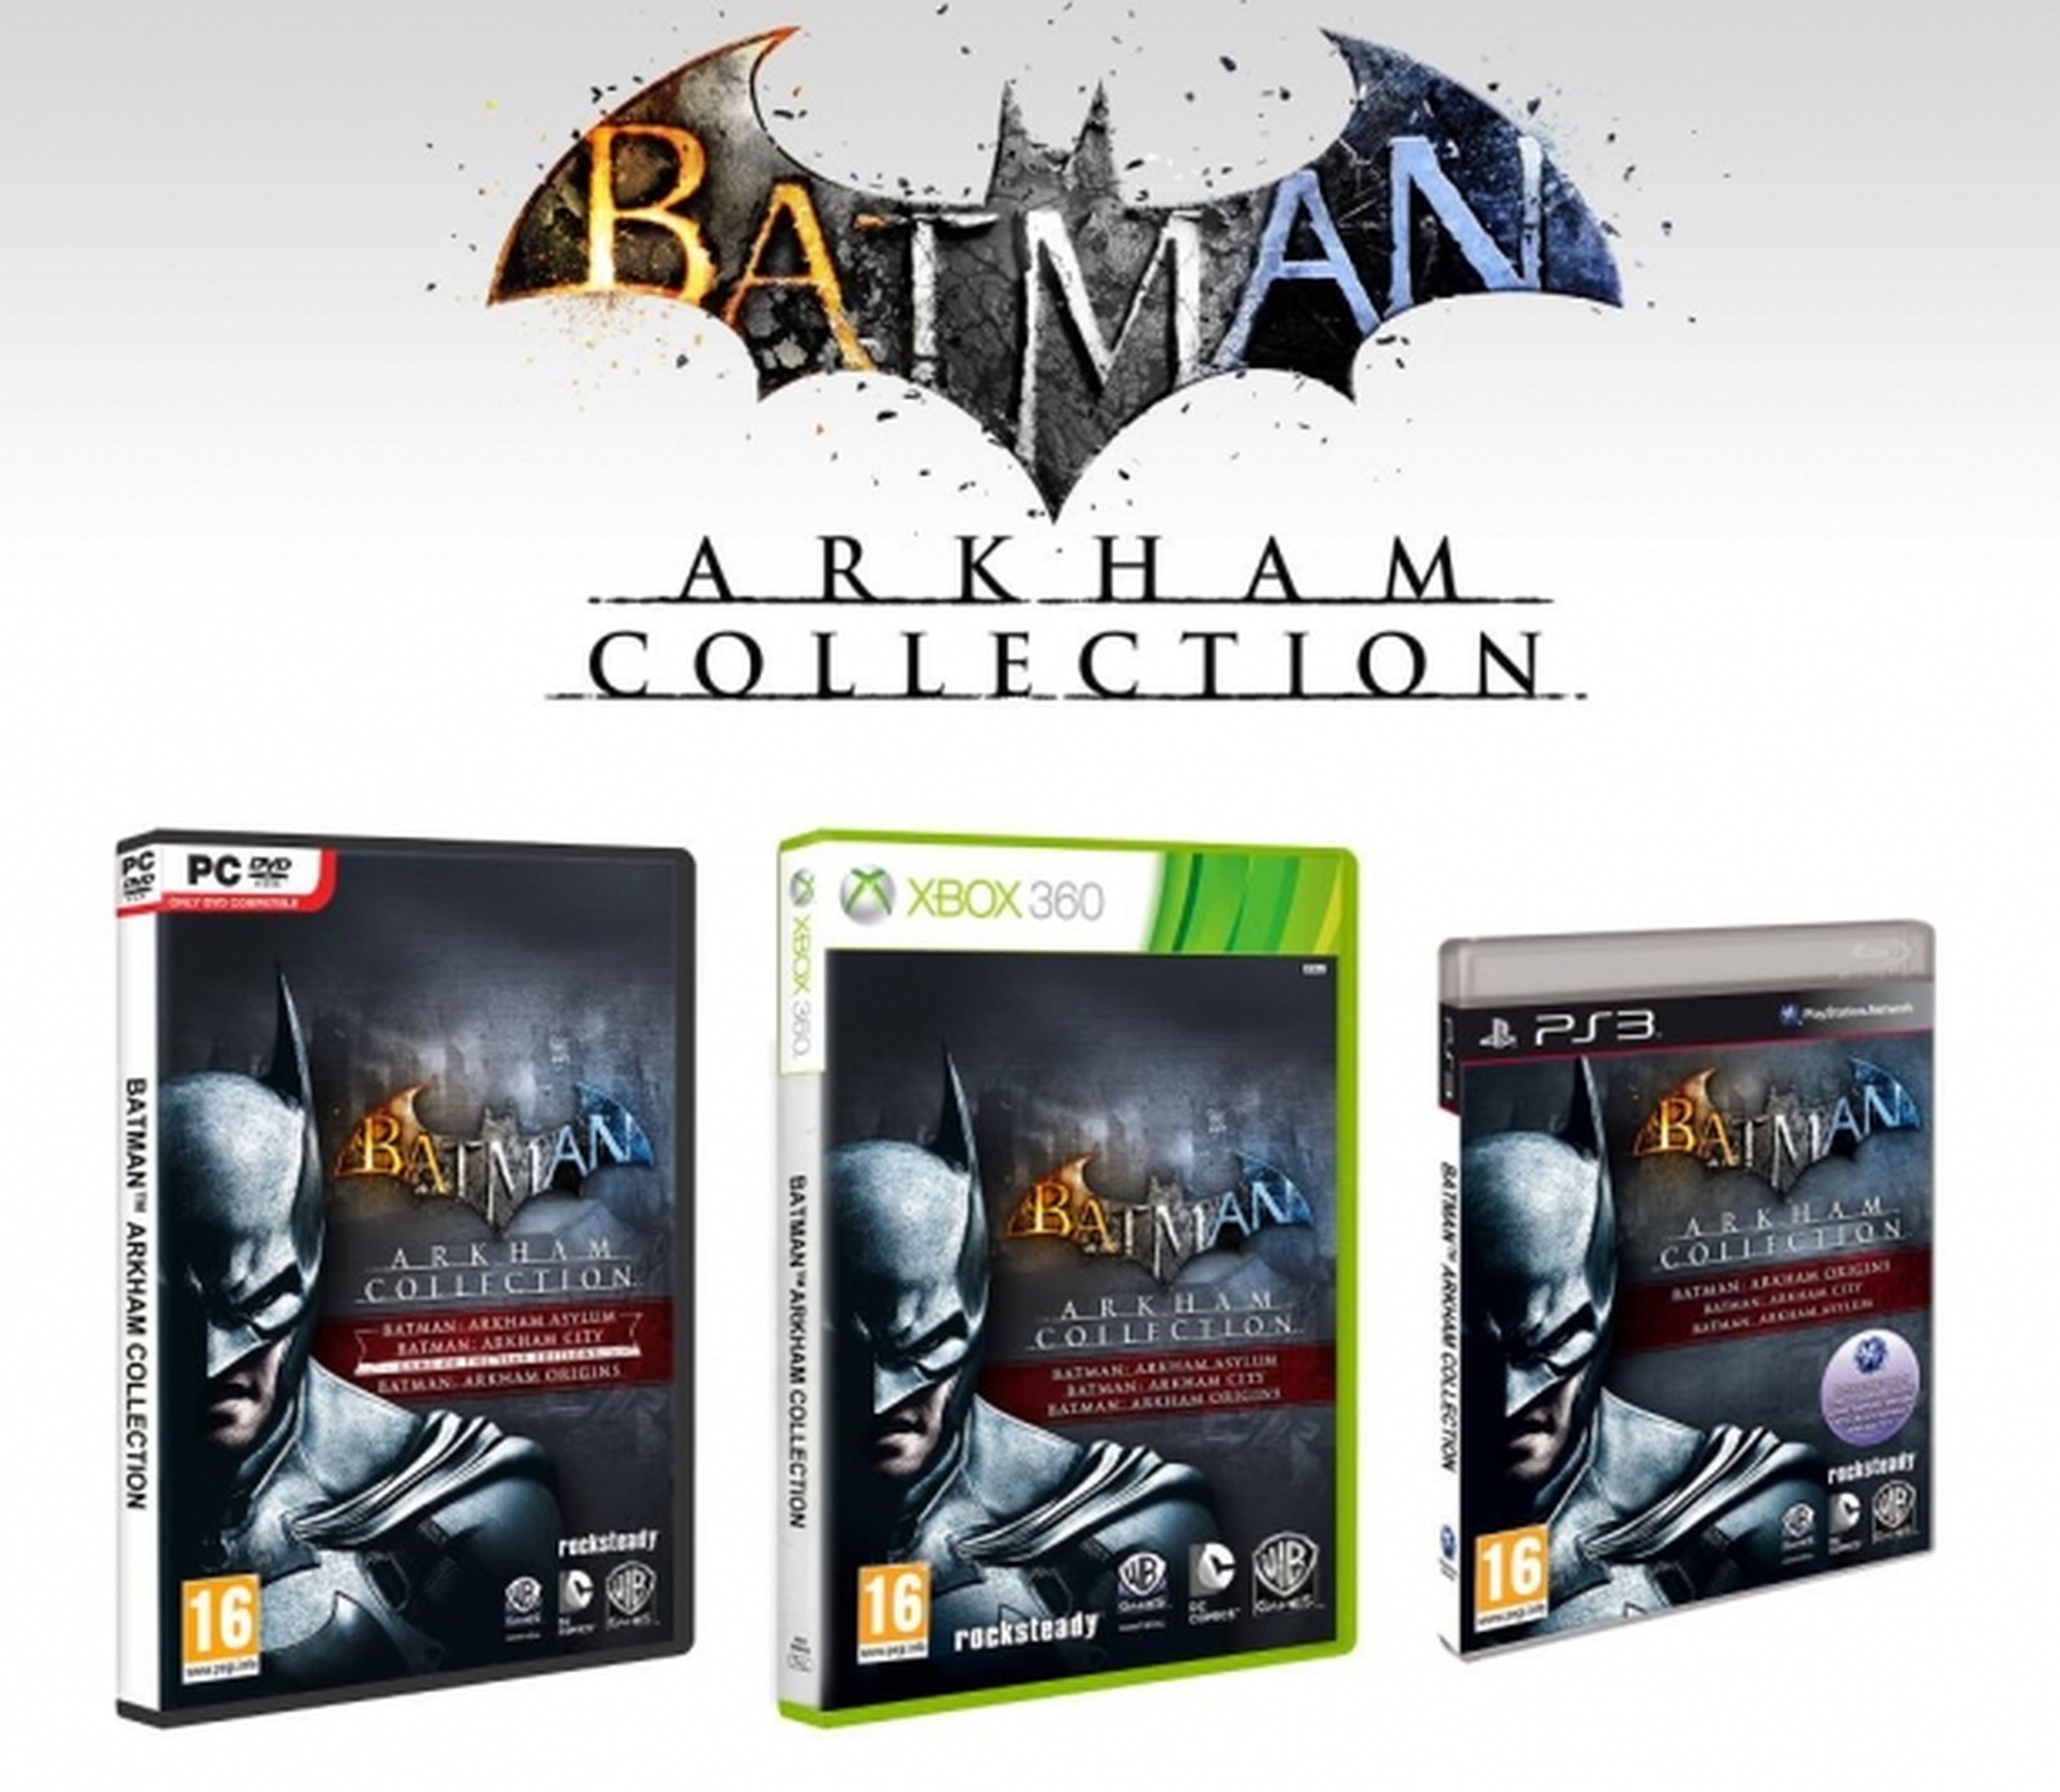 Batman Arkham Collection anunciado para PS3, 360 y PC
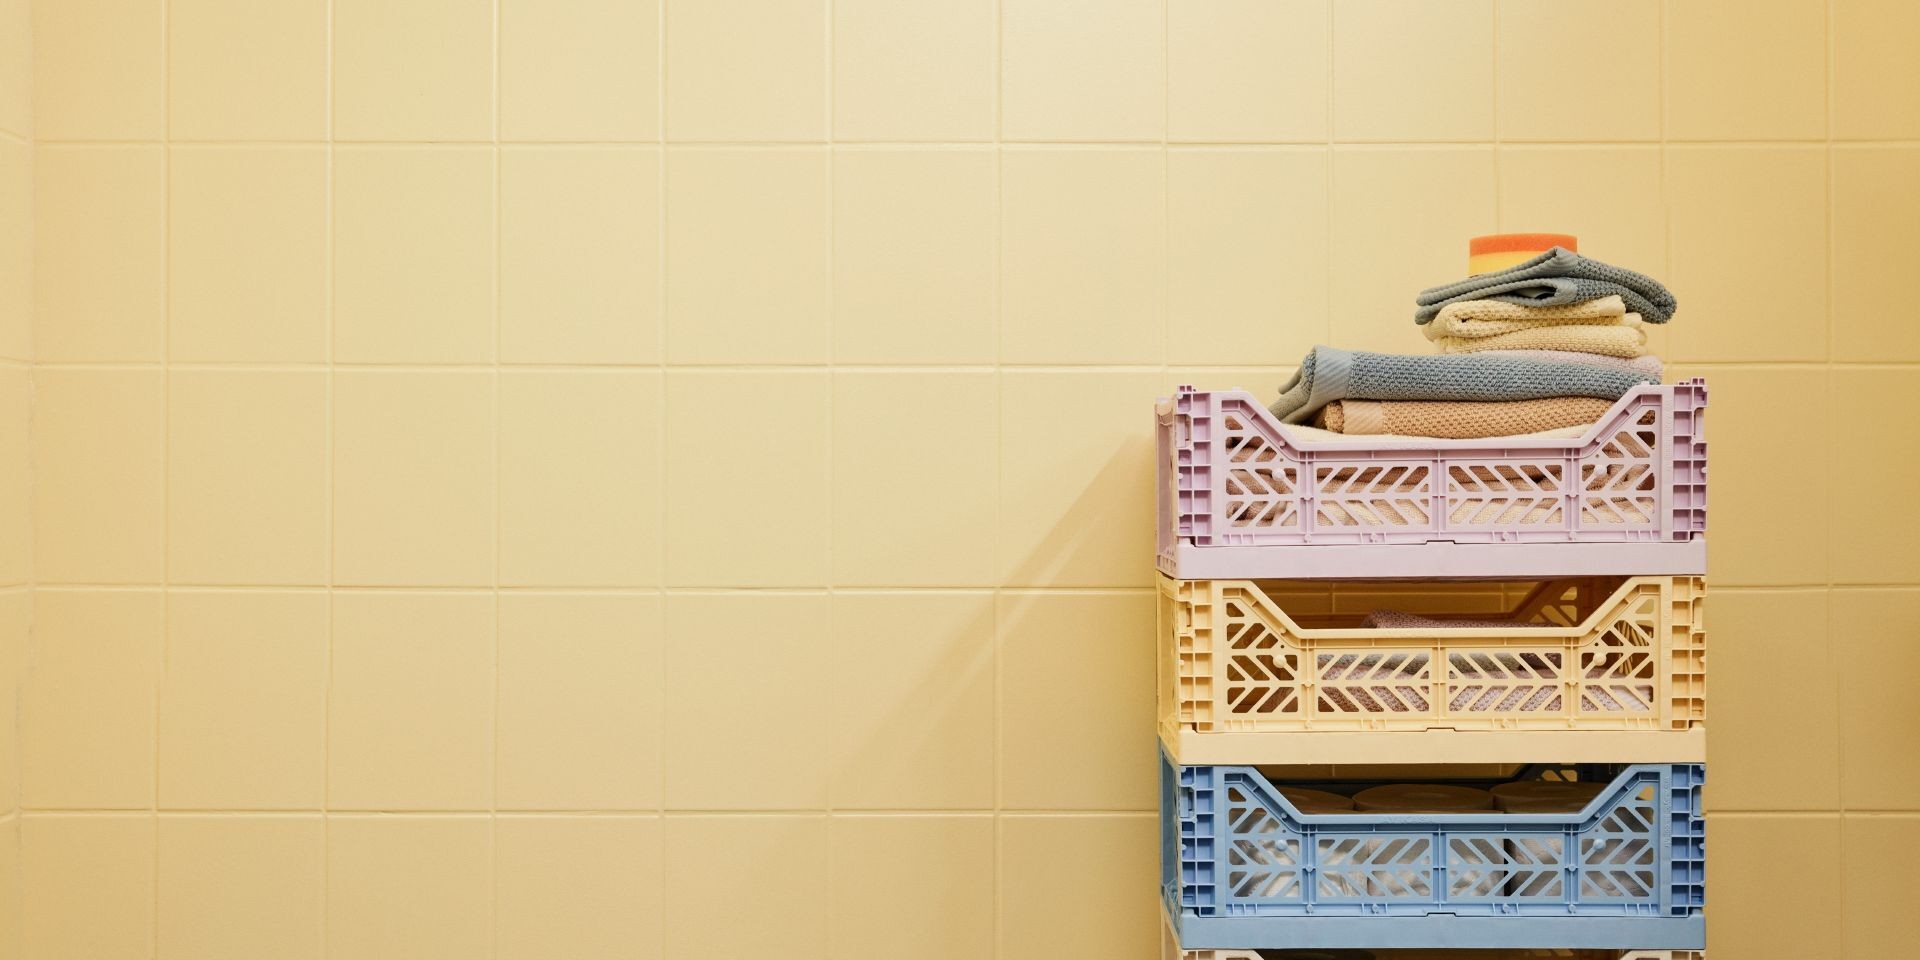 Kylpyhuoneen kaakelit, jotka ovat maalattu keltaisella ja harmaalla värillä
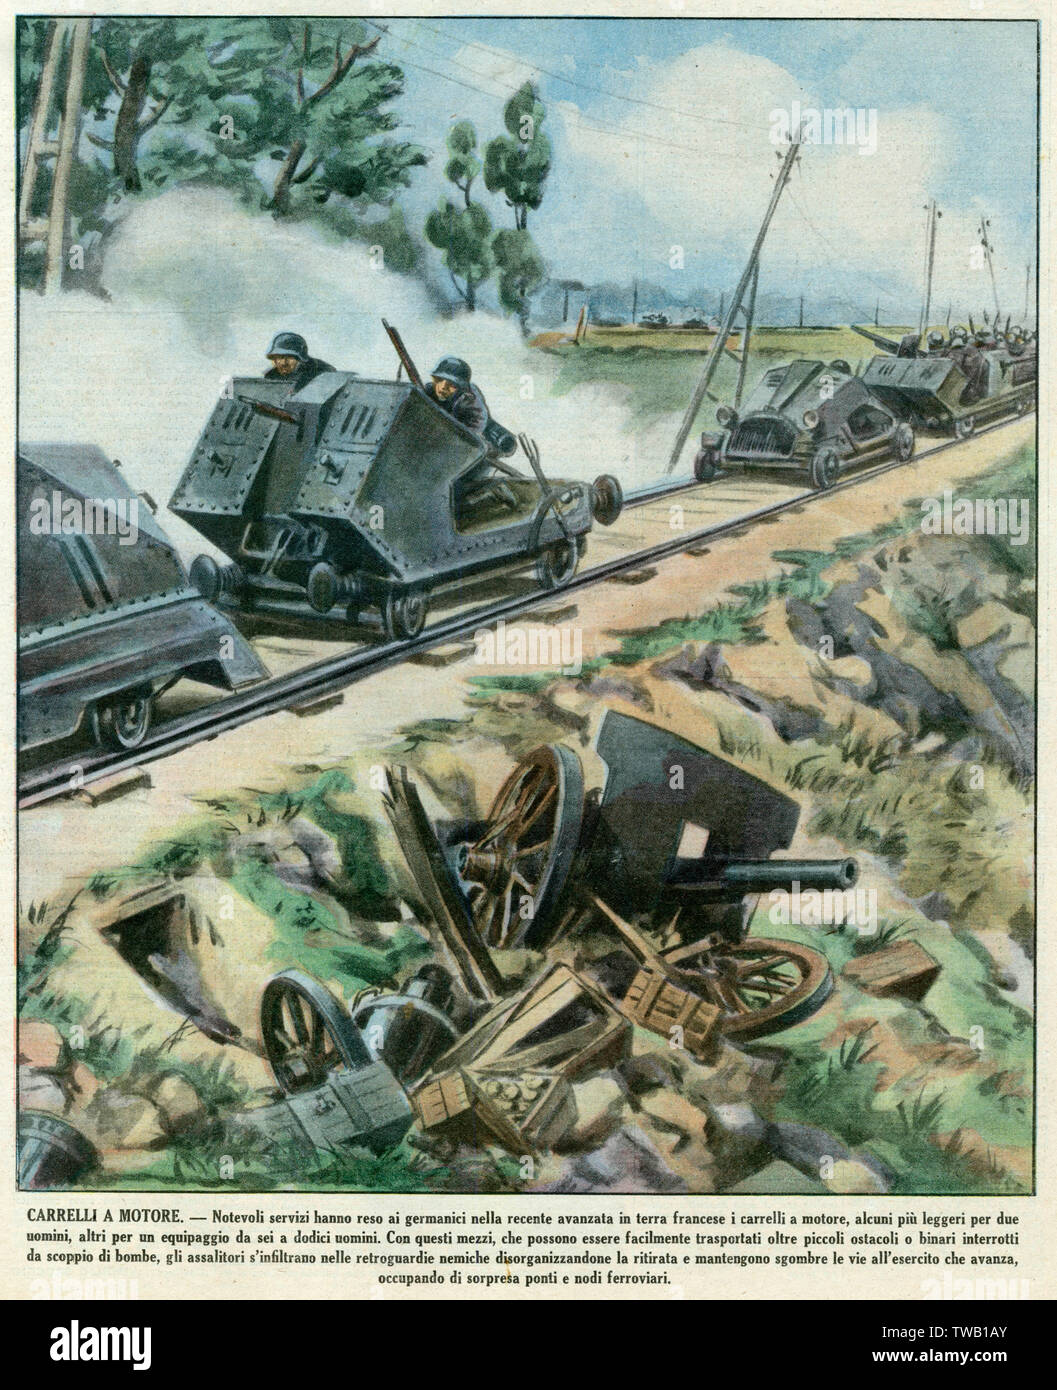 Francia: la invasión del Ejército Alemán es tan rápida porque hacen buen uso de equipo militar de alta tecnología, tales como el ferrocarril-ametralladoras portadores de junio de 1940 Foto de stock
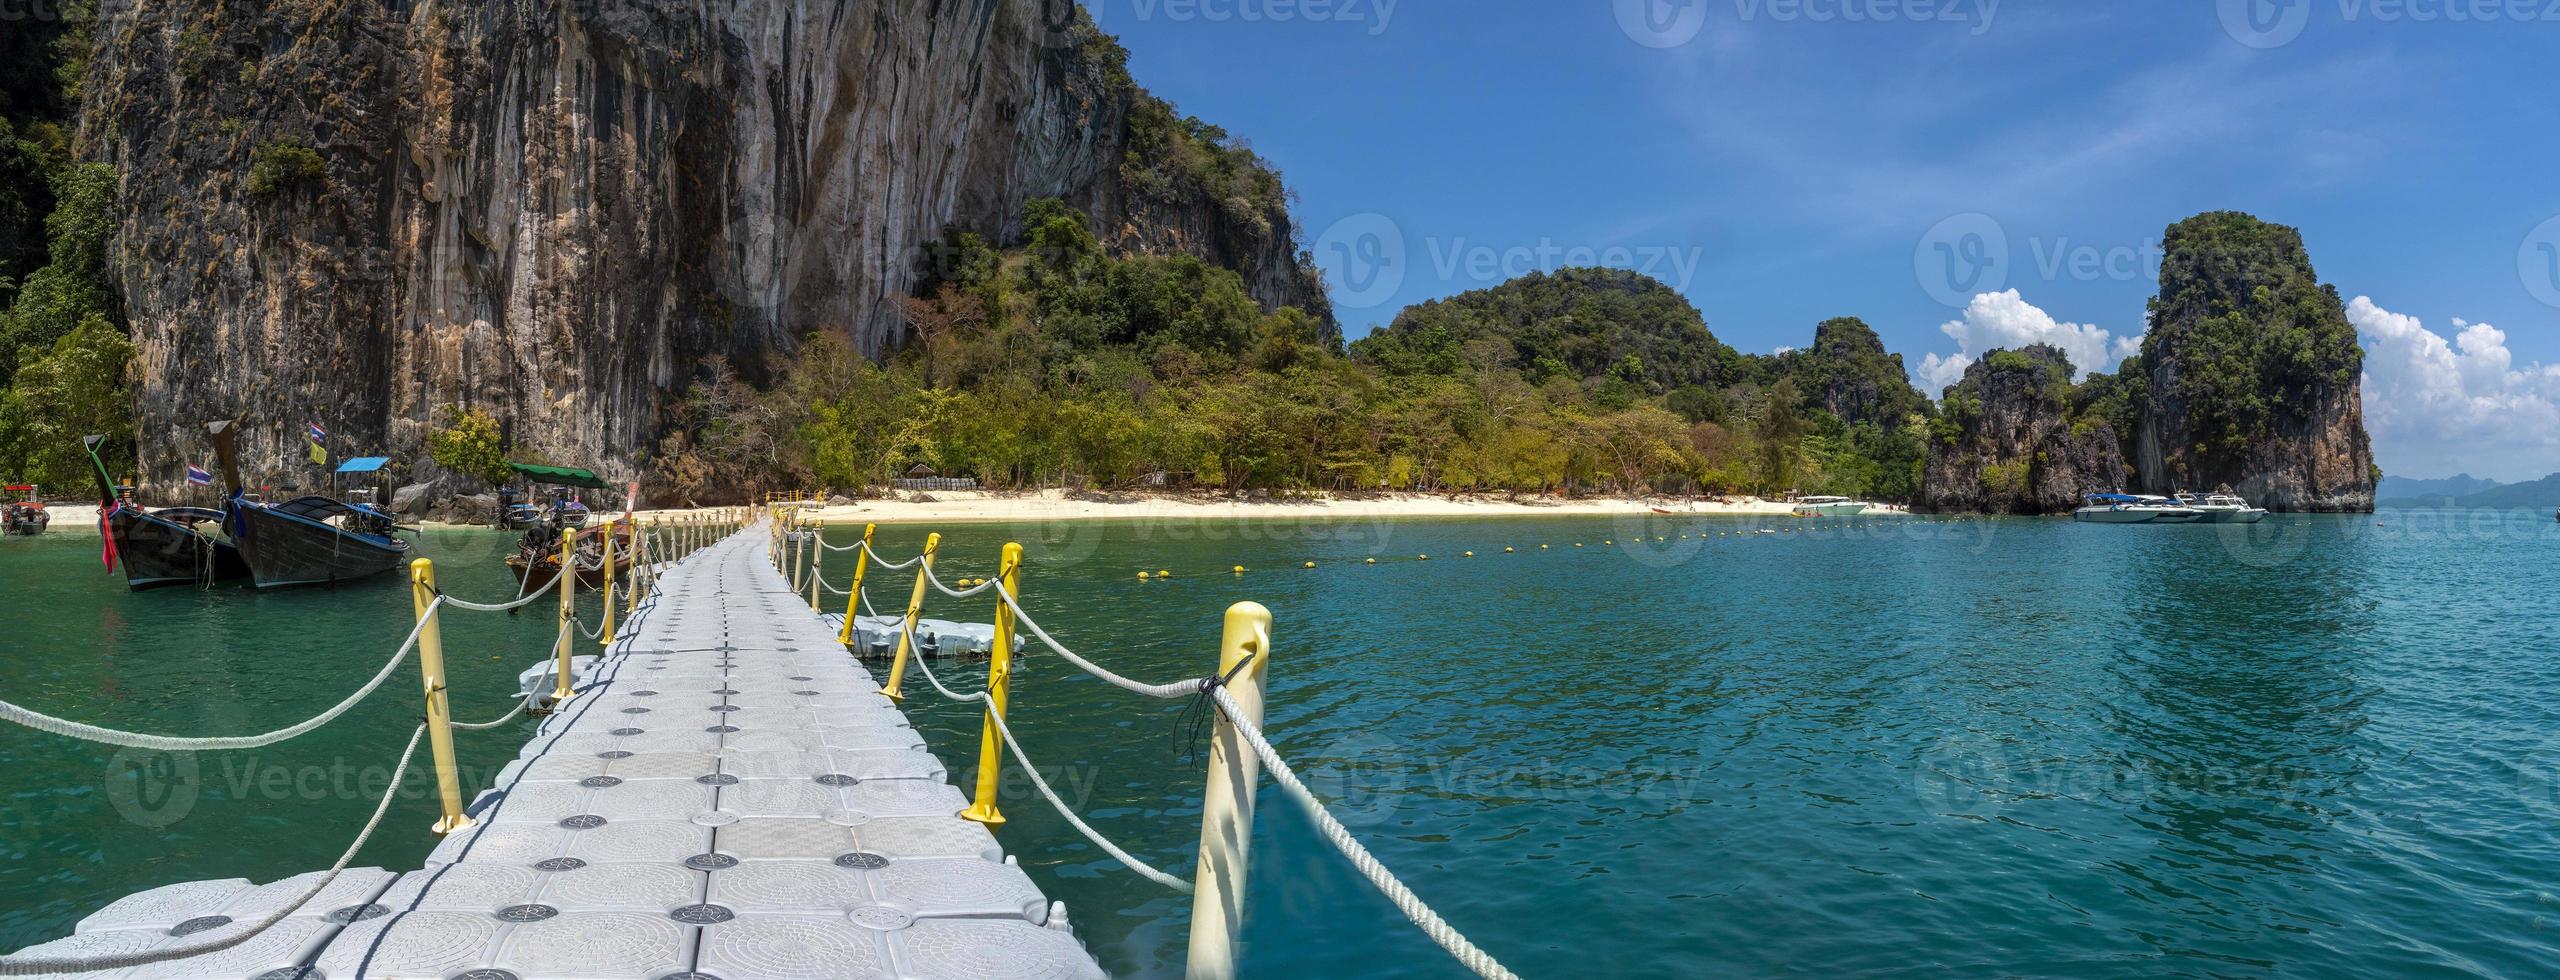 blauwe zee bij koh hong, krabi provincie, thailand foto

::::::

What the exercise asks = Any picture in the material is to be dropped; the rest is repeated exactly.

Problem solution =
 Batman Arkham Collection anunciado para PS3, 360 y PC
 Kylpyhuoneen kaakelit, jotka ovat maalattu keltaisella ja harmaalla värillä
 Francia: la invasión del Ejército Alemán es tan rápida porque hacen buen uso de equipo militar de alta tecnología, tales como el ferrocarril-ametralladoras portadores de junio de 1940 Foto de stock
 blauwe zee bij koh hong, krabi provincie, thailand foto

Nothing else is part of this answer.